Selective Carotid Shunting Based on Intraoperative Transcranial Doppler during Carotid Endarterectomy
장재석, 권오춘, 이섭, 전윤호
대구가톨릭대학교 의과대학 흉부외과학교실
Background : Neurological monitoring during carotid endarterectomy(CEA) is essential for carotid shunt placement. However, variable neurological monitoring techniques are available and none of the monitoring is perfect. And there is no clear evidence of routine shunting during CEA because of shunt-related devastating complication. This study aims to investigate our selective shunting strategy during CEA based on intraoperative transcranial doppler (TCD) monitoring and analyze risk factors of early postoperative neurologic complication.
Methods : We reviewed the medical records of 44 patients (mean age : 69.5±7.3 years, Male:Female=33:11) who underwent CEA from November 2009 to August 2014 at out center. Our strategy of intraoperative neurologic monitoring was TCD and we selectively used shunt in cases of poor temporal window or decrease of mean flow velocity under 30% of baseline flow.
Results : Preoperative atrial fibrillation was observed in 4 patients. Plaque ulceration was detected in 11 patients (24.4%) by preoperative CT imaging.
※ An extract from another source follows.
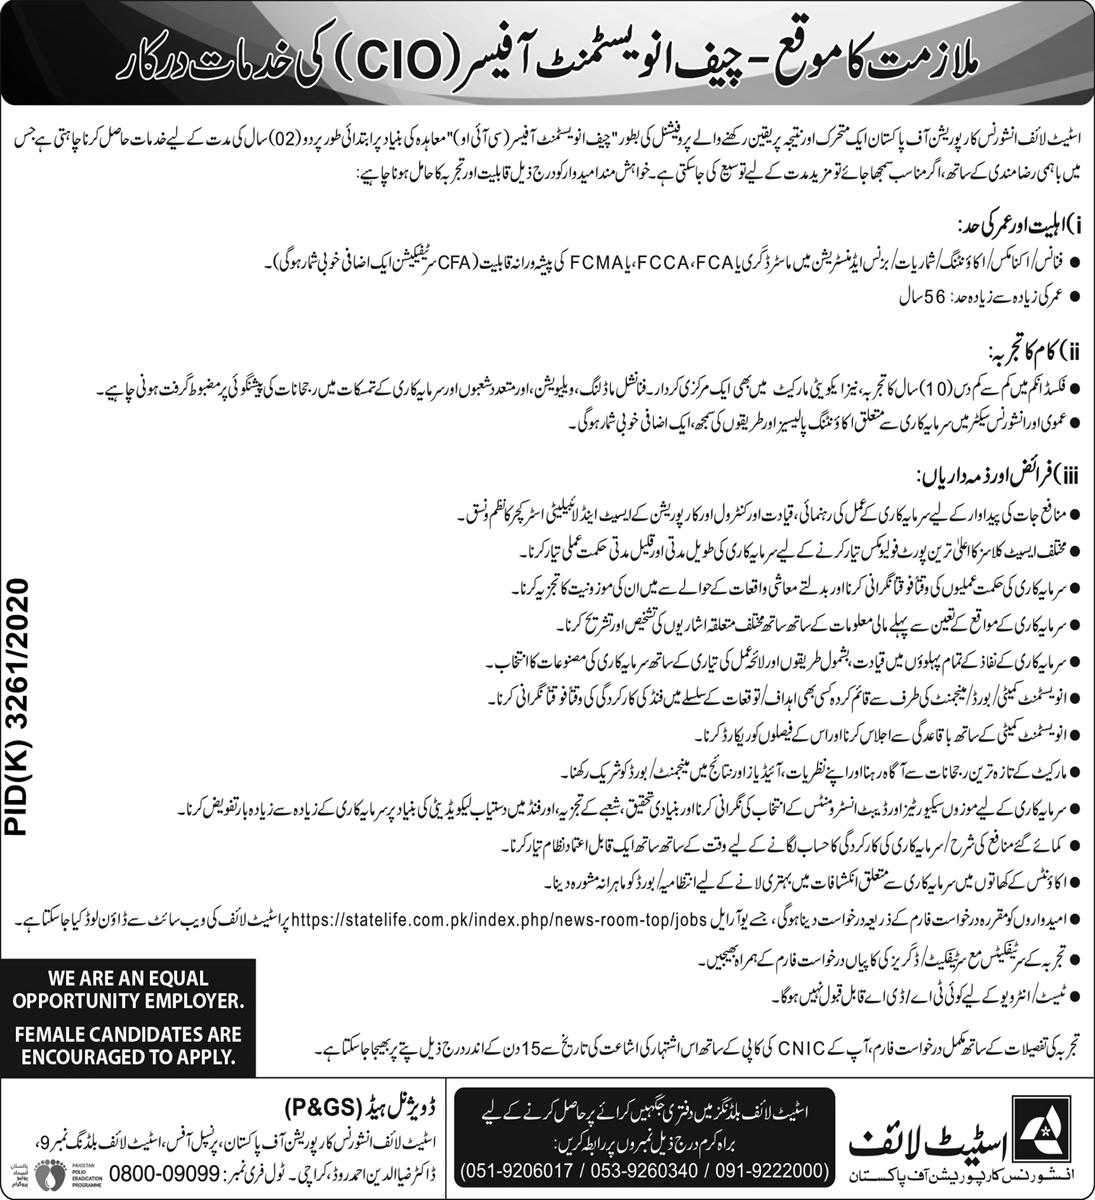 State Life Insurance Corporation of Pak Jobs 2021 Karachi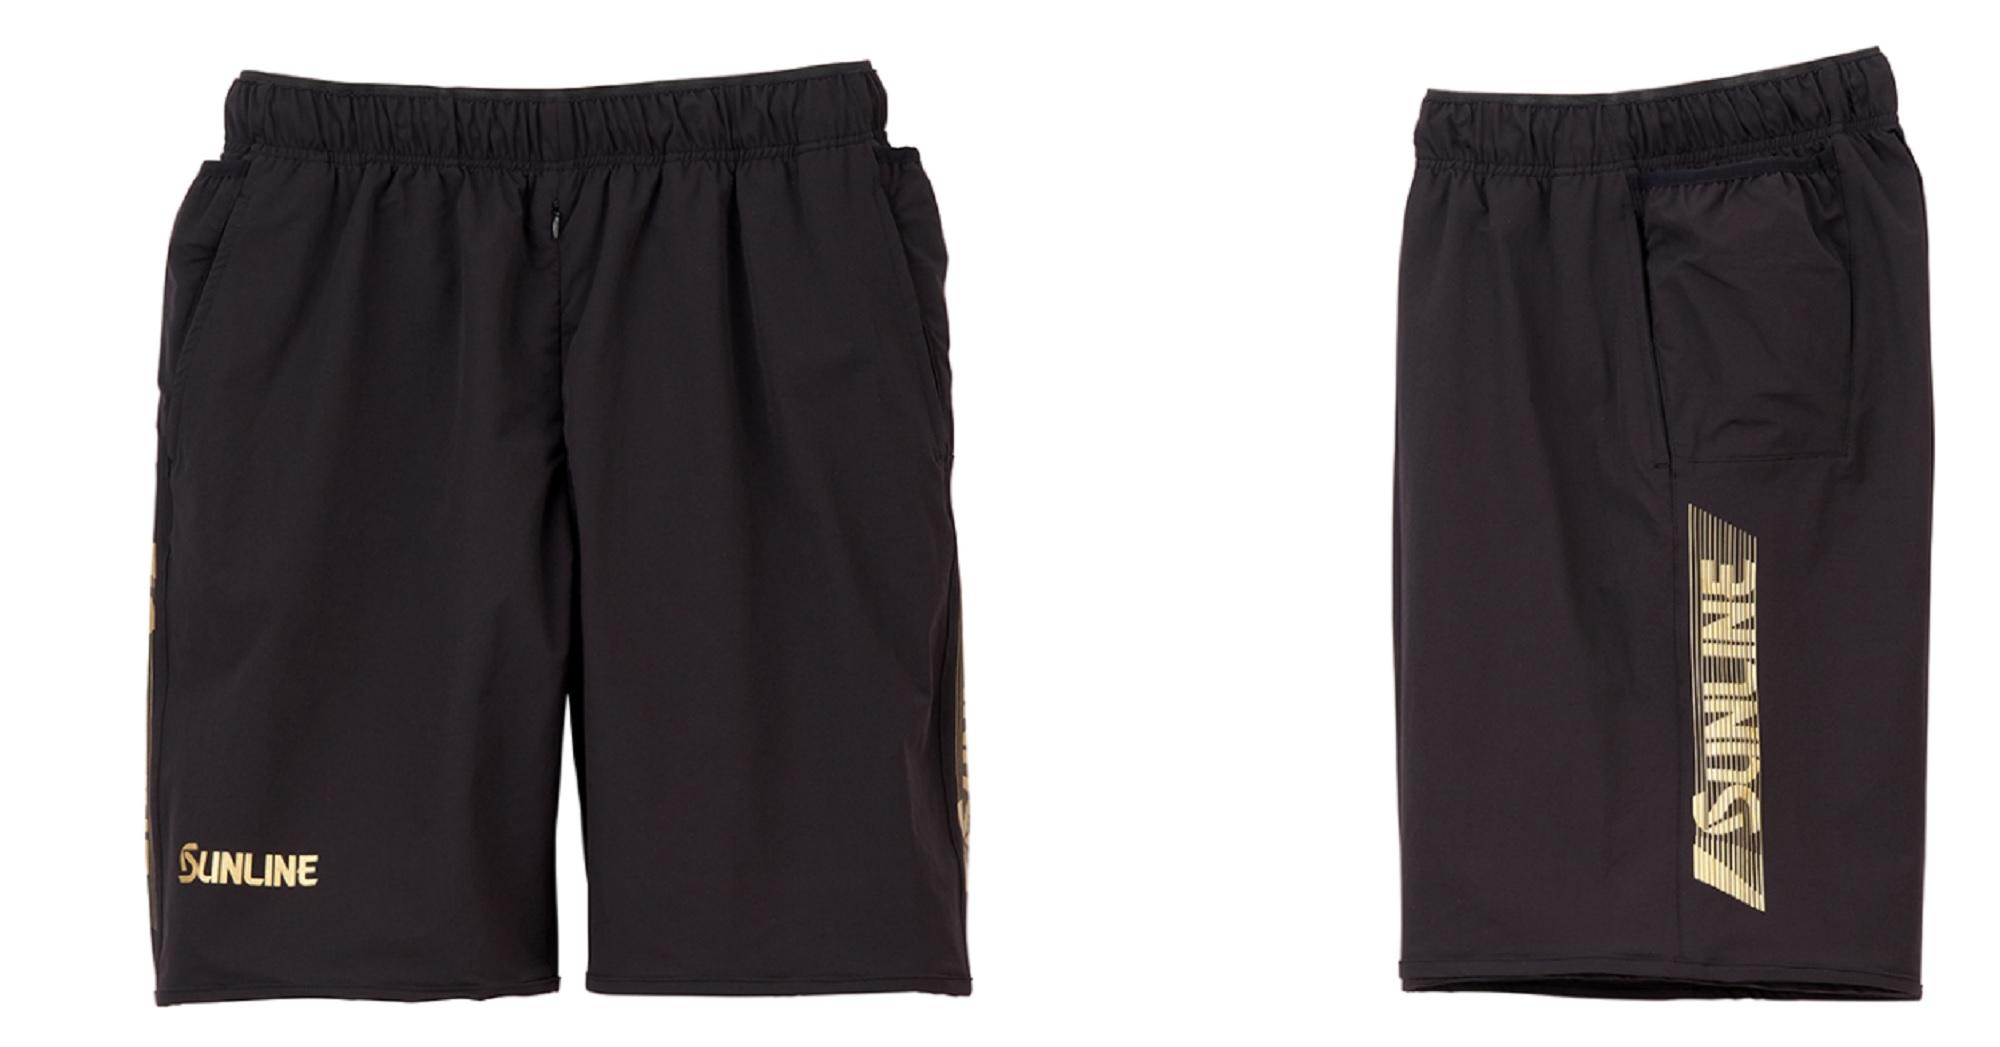 Sunline SUW-1214 Shorts Stretch Black Size L (2678)

High level stenosis (defined as stenosis above second Cervical spine) was observed in 16 patients (35.5%) and 18 patients had contralateral stenosis. 22 patients(50%) required shunt placement because of reduced TCD flow or poor temporal window. In patients without shunt placement, mean TCD flow velocity after clamping was 69.8% of baseline. 30-day mortality rate was 2.2% and cause of death was postoperative pneumonia. There was 3 cases (6.6%) of 30-day stroke and all cases were recorvered without disabling sequelae. Univariate analysis showed that preoperative atrial fibrillation was the only statistically significant (OR=4.0; P<0.001) risk factor for 30-day stroke. In Multivariate analysis, 30-day stroke rate was not significantly different in terms of shunt placement.
Conclusion : Intraoperative TCD monitoring-based selective shunting rather than routine shunting during CEA was feasible for cerebral protection.